Equalization techniques counterbalance the distortion and additive white

Gaussian noise (AWGN) introduced by communication channels which are not known

beforehand to reduce the inter-symbol interference (lSI),. Since the channel is unknown a

priori, adaptive algorithms are used for this purpose. Broadly categorized, there are two

methods by which adaptive algorithms approximate the inverse of the channel impulse

response, (i) by using a training sequence (ii) without using a training sequence.

Conventional adaptive algorithms require a properly synchronized (at both transmitter

and receiver) training sequence which makes it possible to adjust the equalizer

coefficients according to the employed algorithm, thereby minimizing the mean square

error. This type of equalization is called Non-Blind equalization. However, there are

many situations which require equalization without the use of a training sequence. One

example of such a situation is multipoint data networks. For this purpose, a Blind

equalizer has to be built into the receiver design. Blind equalizers estimate the

transmitted signal and the channel parameters without using a known training sequence.

Minimization of a class of non-convex cost functions is used as a criterion for adaptation.

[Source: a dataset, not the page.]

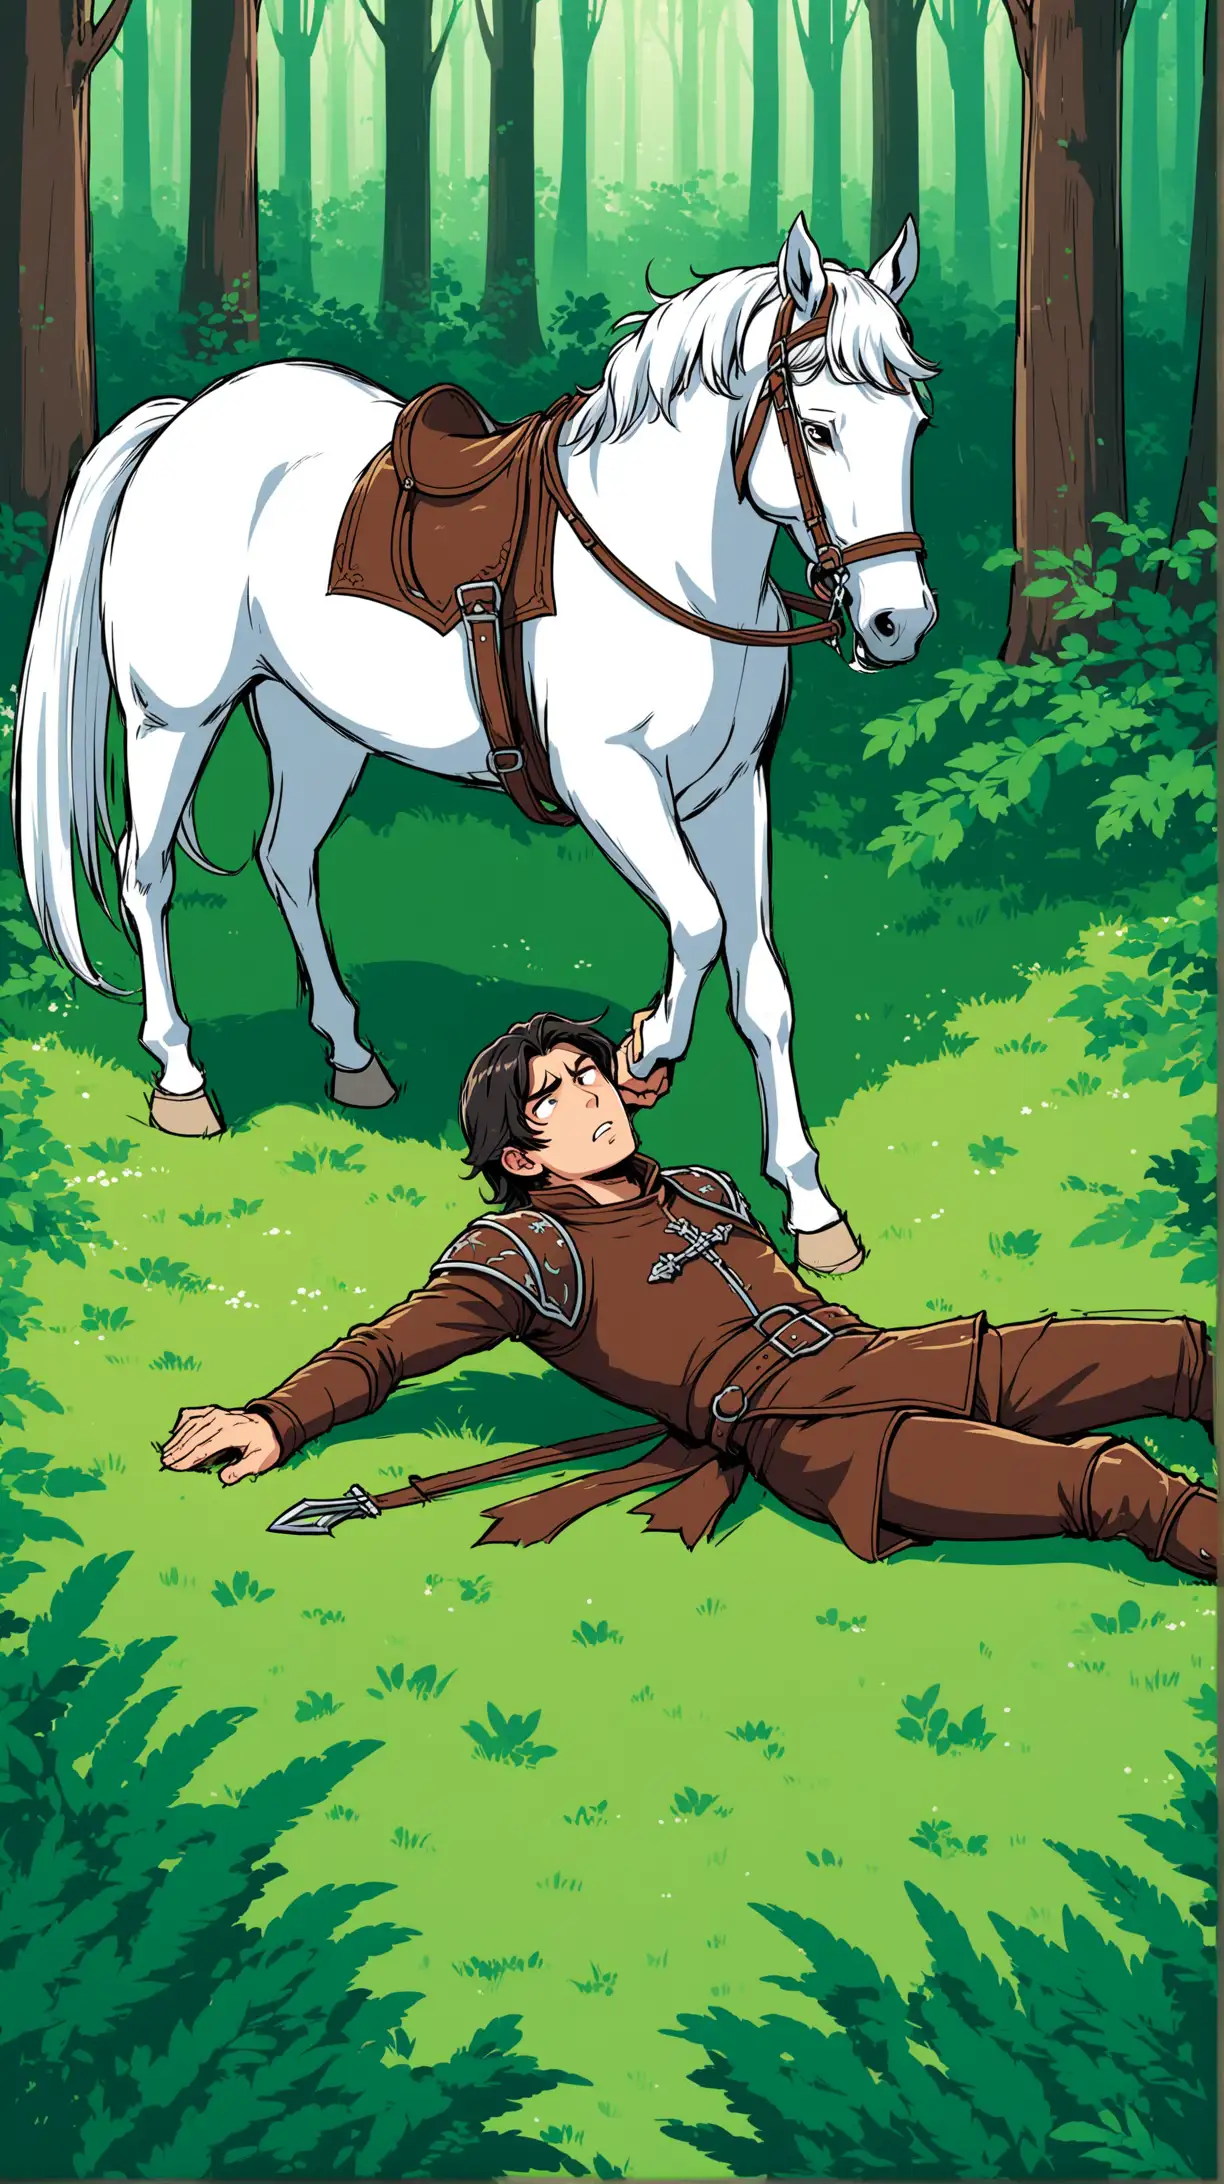 Medieval Rider in Forest Darkhaired Knight in Distress with White Horse
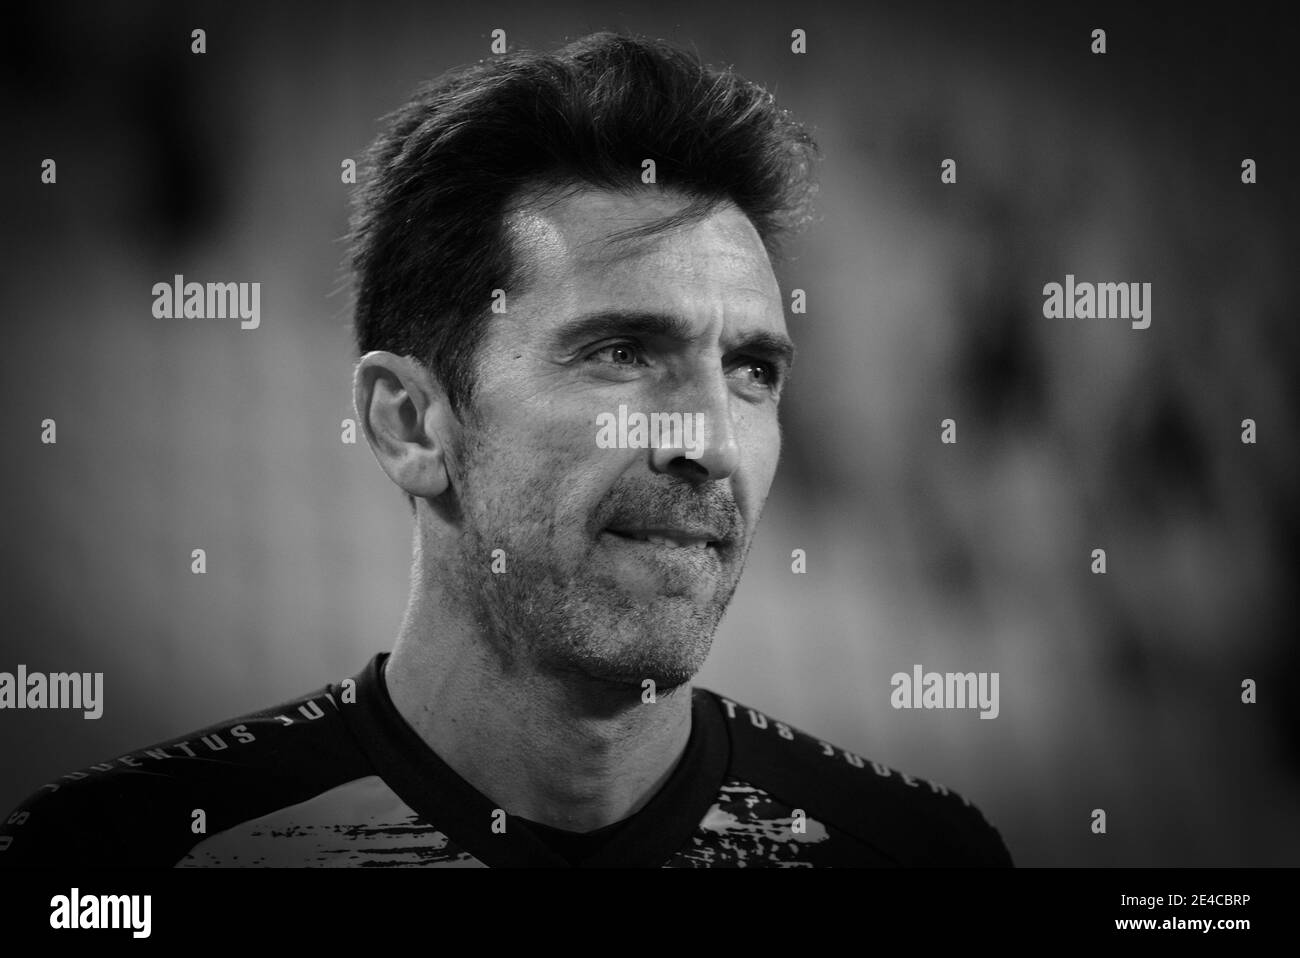 Portrait of Gianluigi Buffon in black and white during the warm-up at the Allianz Stadium Stock Photo

By these cost functions, lSI is characterized independently of the data symbol

constellation and of the carrier phase used in the transmission system [1]. In this project,

three blind equalization algorithms (Constant Modulus Algorithm (CMA), Modified

Constant Modulus Algorithm (MCMA) and Variable Step-size Modified Constant

Modulus Algorithm (VSS-MCMA)) were studied mathematically and their performance

is shown for high order QAM (Quadrature Amplitude Modulation) signals by

simulations in this dissertation. These algorithms were then implemented with a decision

feedback equalizer to further improve the symbol error rate (SER) performance. The

following essential findings were made:

1) Blind algorithms are robust with respect to distortions and, by using appropriate

step-size and reference gain parameters we can ensure convergence to optimal

gains.2) Since CMA is phase-blind in nature, it cannot correct the phase errors. Whereas,

simulations show that MCMA corrects the phase error and results in a lower

MSE as well.

3) In VSS-MCMA, by using different step-size parameters we can ensure faster

convergence and lower MSE.

4) CMA with DFE provides better SER than CMA with linear equalizers. SER is

further improved by implementing a decision feedback equalizer (DFE) using

MCMA and VSS-MCMA.